NASIONAL

Ancaman Perubahan Iklim, Sri Mulyani: Indonesia Butuh Rp3.461 Triliun

Jakarta (SI Online) – Menteri Keuangan Sri Mulyani setidaknya dua kali mengingatkan ancaman besar perubahan iklim (climate change), yaitu pada webinar virtual, Ahad (22/8) dan disusul dengan pembicaraan daring juga pada Kamis (26/08) kemarin. Perubahan iklim diperkirakan mulai berdampak pada 2030-2045.

Sri Mulyani menyebutkan, kebutuhan Indonesia mengatasi perubahan iklim mencapai Rp3.461 triliun atau setara dengan 266 miliar dolar AS hingga tahun 2030.

“Ini berarti belanja mitigasi kementerian/lembaga kita selama ini baru menutupi 21 persen dari kebutuhan pendanaan untuk bisa mencapai komitmen Paris atau Net Zero Emission untuk 2060,” ucap Sri Mulyani dalam diskusi daring di Jakarta, Kamis (26/8), seperti dilansir ANTARA.

Beberapa hari sebelumnya Menkeku menjelaskan, selain Covid-19, ternyata masih ada ancaman yang sangat nyata bagi Indonesia di masa depan.

“Satu hal sedang dibahas dan menjadi persoalan pelik di dunia yaitu climate change. Ini akan menjadi risiko yang nyata karena kebetulan waktu kita bicara tentang Indonesia 2045, kita akan bicara tentang timeline climate change,” ujarnya.

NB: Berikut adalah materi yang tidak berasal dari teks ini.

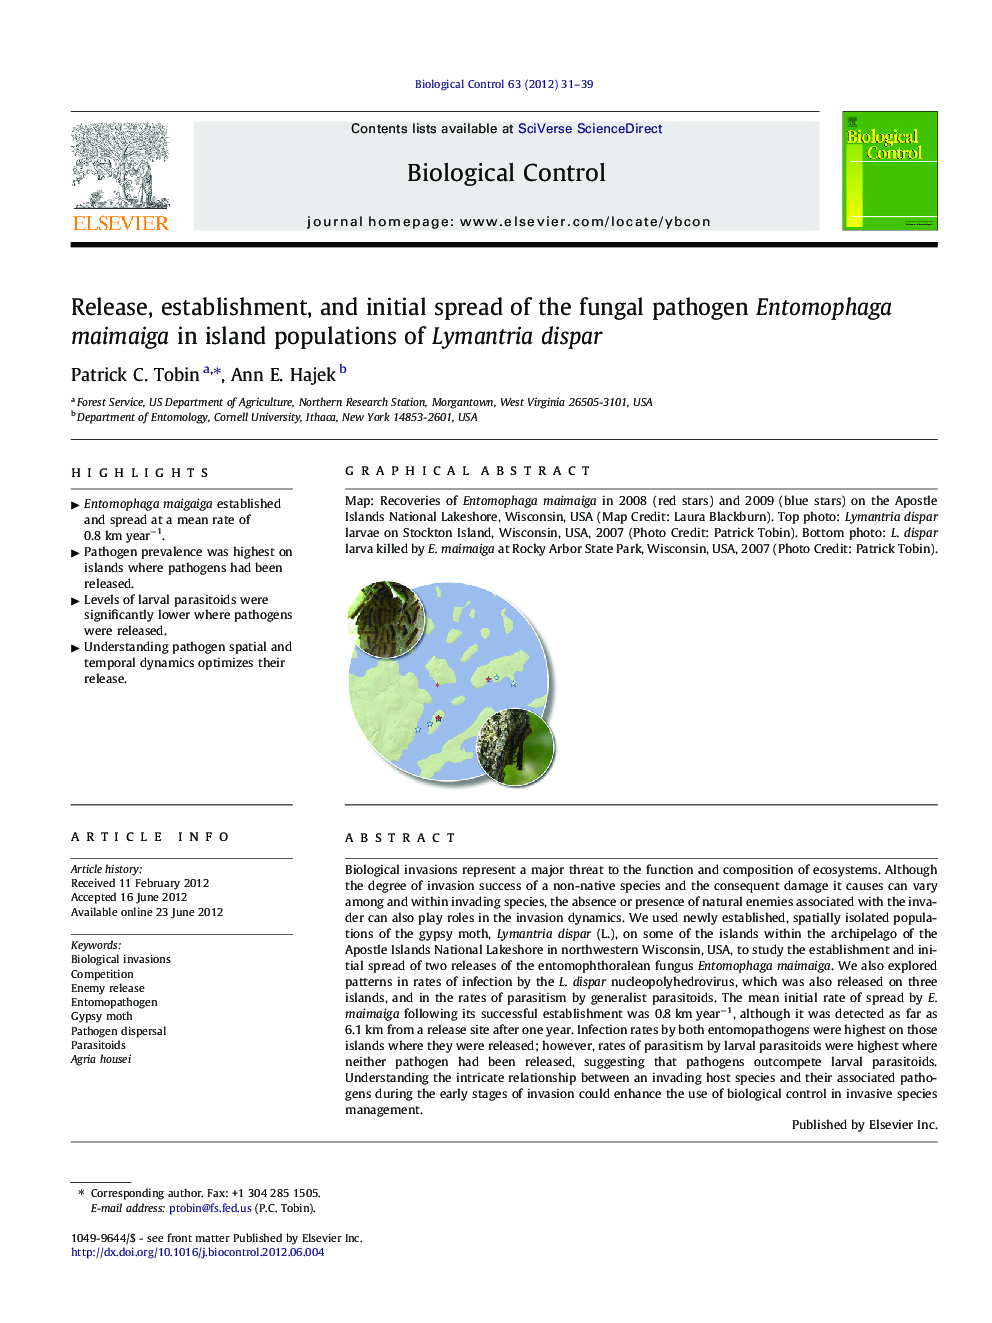 Release, establishment, and initial spread of the fungal pathogen Entomophaga maimaiga in island populations of Lymantria dispar

Menurutnya, jika Indonesia dan negara di dunia tidak bisa menciptakan nol emisi karbon (net zero emission) pada periode 2040-2050, maka dampaknya akan sangat besar dan bisa menjadi bencana.

Adapun dampak yang bisa ditimbulkan dari perubahan iklim adalah peningkatan suhu bumi yang saat ini sudah mulai terasa. Dampak ini akan sangat nyata terjadi bagi Indonesia yang juga bisa dilihat dari laporan Panel Antarpemerintah tentang Perubahan Iklim (Intergovernmental Panel on Climate Change/IPCC).

“Dalam laporan IPCC mengenai masalah dampak climate change di kawasan south Asia, Indonesia jadi salah satu negara yang dilihat akan mengalami dampak yang luar biasa dari mulai pemanasan yang bisa menjadi kebakaran hutan hingga banjir yang bisa melanda kota-kota di Indonesia termasuk dalam hal ini kenaikan permukaan laut,” kata dia.

Bendahara negara ini menjelaskan, dampak buruk ini bisa dialami Indonesia karena dipengaruhi demografisnya sebagai negara kepulauan. Sehingga langkah mitigasi harus dilakukan sejak dini.

“Ini menjadi masalah relevan, dimensi sosial ekonomi dan tentu saja dari dimensi finansial dan politik. Ini isu yang akan menjadi salah satu tantangan besar yang perlu menjadi perhatian dan policy-nya perlu disiapkan,” jelasnya.

Maka dari itu, ia berpendapat APBN tidak bisa membiayai sendiri komitmen perubahan iklim tersebut, sehingga dibutuhkan mobilisasi dana yang berasal dari swasta, baik domestik maupun global.

Dengan demikian, pemerintah akan terus memformulasikan kebijakan-kebijakan yang mampu untuk menarik lebih banyak investasi untuk membangun sektor-sektor utama penentu perubahan iklim yakni kehutanan, energi dan transportasi, limbah, pertanian, serta industri, agar tetap bisa memenuhi target penurunan CO2.